I have re-drawn your schematic, because I like to see more "positive voltage" supplies at the top, "less-positive" voltage supplies lower down, and ground at the bottom.
The case for a logic low input (0v) is on the left, the case for logic high input (+3.3v) is on the right.
The logic source that provides the logic low (on the left) will have to work at it, because it must sink current from both the 3.3v supply, and from the 5v supply. The transistor's emitter is pulled to zero volts by that logic source. The transistor's base has no choice but to follow, and is about 0.65v higher.

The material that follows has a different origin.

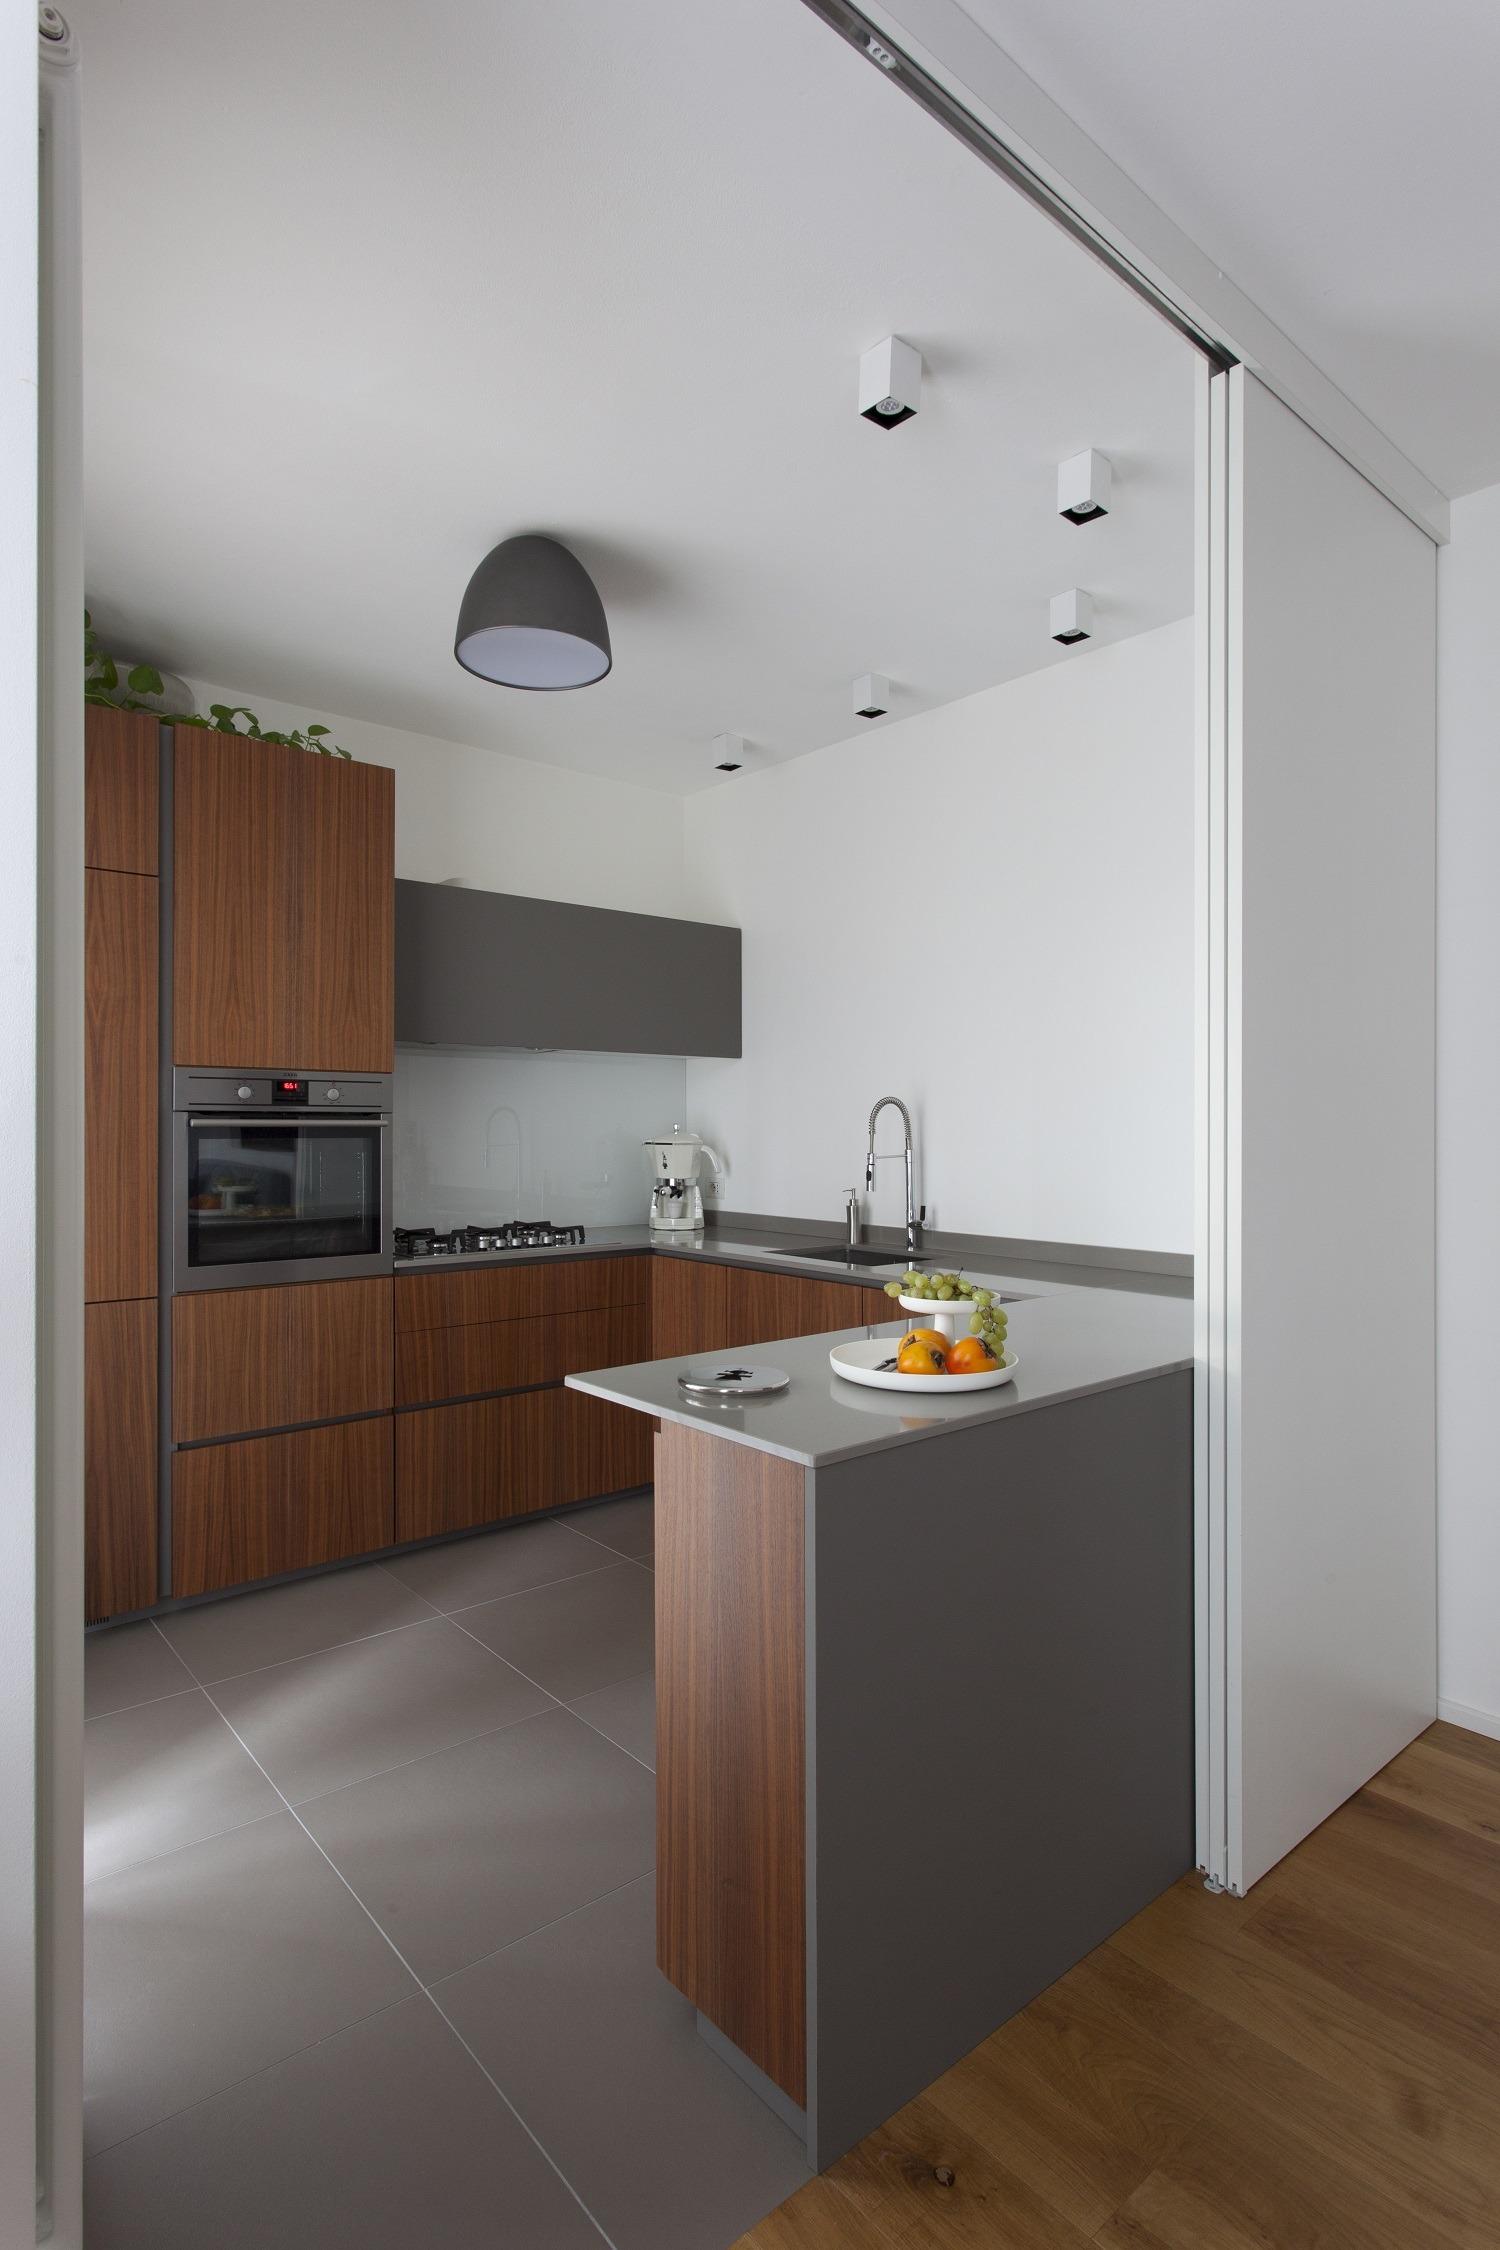 Cucina noce canaletto e Fenix NTM grigio Londra | P e R arredare di ...

Considerable base current flows (about 1.2 mA). The current ensures that the transistor is heavily saturated. It is so saturated that collector voltage actually falls below the base voltage, and provides a logic low at the output. Collector current is 0.72 mA. Many saturated transistor circuits allow collector current to be ten or twenty times larger than base current, but not in this case - no current gain is required of the transistor (actually less than one). Not shown is the current that might flow from the 5v logic output. That current must flow through the transistor, and the input driver must sink this too.

schematic

simulate this circuit – Schematic created using CircuitLab On the right show the case where the logic input is in its "high state", up at 3.3v. In this case base and emitter are kept at the same voltage. The base-emitter junction of the transistor has no voltage drop as before, so no base current can flow through the 2.2K resistor. The transistor is OFF. Since it is off, no collector current flows. The collector resistor is left on its own to pull the output up to +5v.

Answer to your question (1): Base is at 0.65v. The 3.3v must supply current through the 2.2k resistor, since the transistor base is being dragged down by the logic source providing "logic 0 input".
Answer to your question (2): Yes, a clash. That "logic 0 input" is working hard to pull transistor's emitter down to 0v.
Answer to your question (3): Run Kirchoff's voltage law around the base-emitter loop of the schematic (right). Everything's at 3.3v. There can be no voltage between base and emitter. That forces the transistor "off".
Answer to your question (4):Depends on what you're driving. This circuit has wide latitude in choosing these values. It won't be fast, because their values are high. If you lower them, the poor 3.3v logic source must work even harder. If the 5v logic output must drive a significant load, that 3.3v logic source must sink its current too.